The DES also referenced evidence that coral cores have shown growth rates have slowed and that '[r]ecent coral growth trends (since 1990) show an unprecedented decline in coral growth when compared to the last 400 years'. This decline is attributed to climate change and is being expressed in coral regions throughout the world. Coral growth is also suppressed by major bleaching events, as well as increased sediment and nutrient inputs from rivers.
The committee has considered the scientific evidence that shows an impact from land-based pollutants on the Reef. Whilst the committee acknowledges those arguments made by various witnesses and submitters that the evidential base is lacking; the committee, in line with the Australian and Queensland governments, is satisfied that the evidence shows strong linkages between agricultural practices and the decline in water quality in the Reef.
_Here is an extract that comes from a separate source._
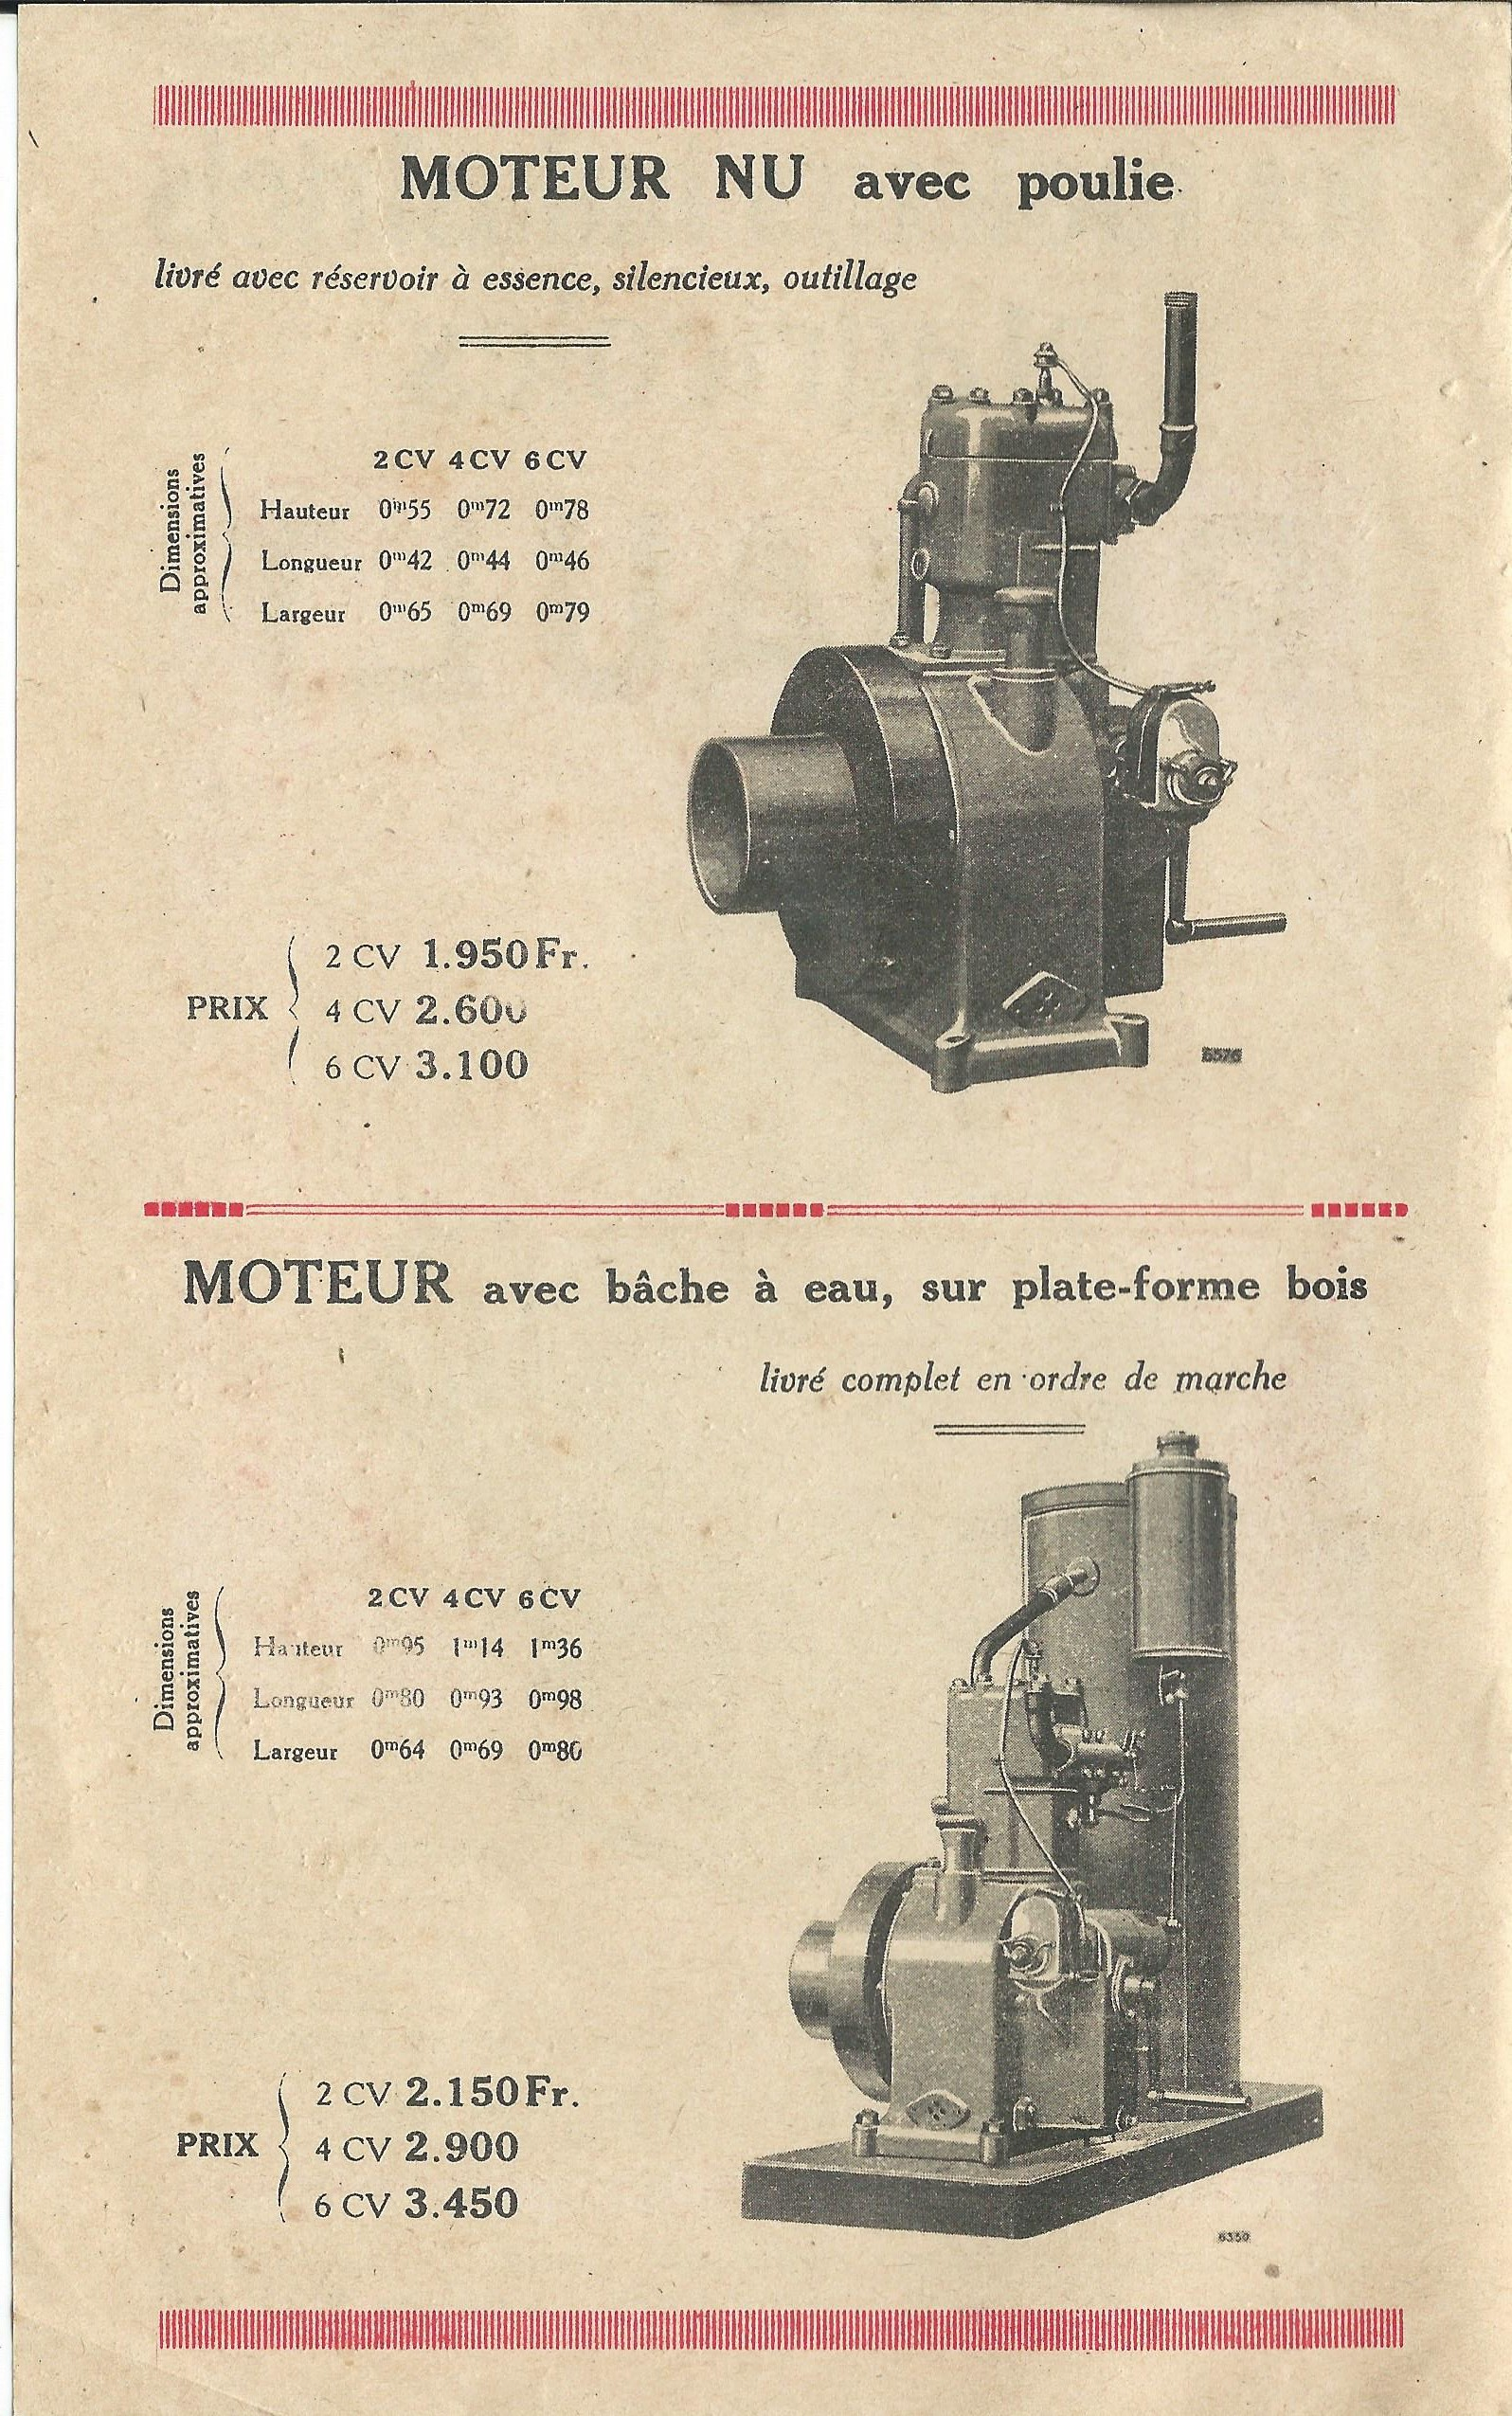 RENAULT - moteur renault 263 448164RENAULTmoteursfixes1927002

Although further research is required in regard to the impact of nutrients on COTS outbreaks, the committee is of the view that the scientific evidence provided that shows there are impacts on the Reef from agricultural pollutants. The committee is assured by the rigour and quality of the research regarding coral growth rates and coral cover throughout the Reef, recognising that determining the impacts of climate change, water quality and coral cover loss is a complex ecological question.
The committee also notes that the Australian Government, under the Great Barrier Reef Marine Park Act 1975, is governed by the precautionary principle, which means the 'lack of full scientific certainty should not be used as a reason for postponing a measure to prevent degradation of the environment where that are threats of serious or irreversible environmental damage'.
The committee recommends the Australian Government continue to uphold its responsibilities under the precautionary principle in the Great Barrier Reef Marine Park Act 1975.
The committee recognises the primary purpose for pursuing improved water quality is to improve the resilience of the Reef in light of more concerning projections. Namely, the increase in oceanic water temperature that causes mass coral bleaching events, such as those witnessed in 2016, 2017, and more recently, 2020. In addition to warmer waters, the Reef and adjacent catchment regions are likely to experience more severe weather events, such as cyclones, in the decades ahead. These weather events will further exacerbate the challenges faced by the Reef, and the communities reliant upon the Reef for their livelihoods.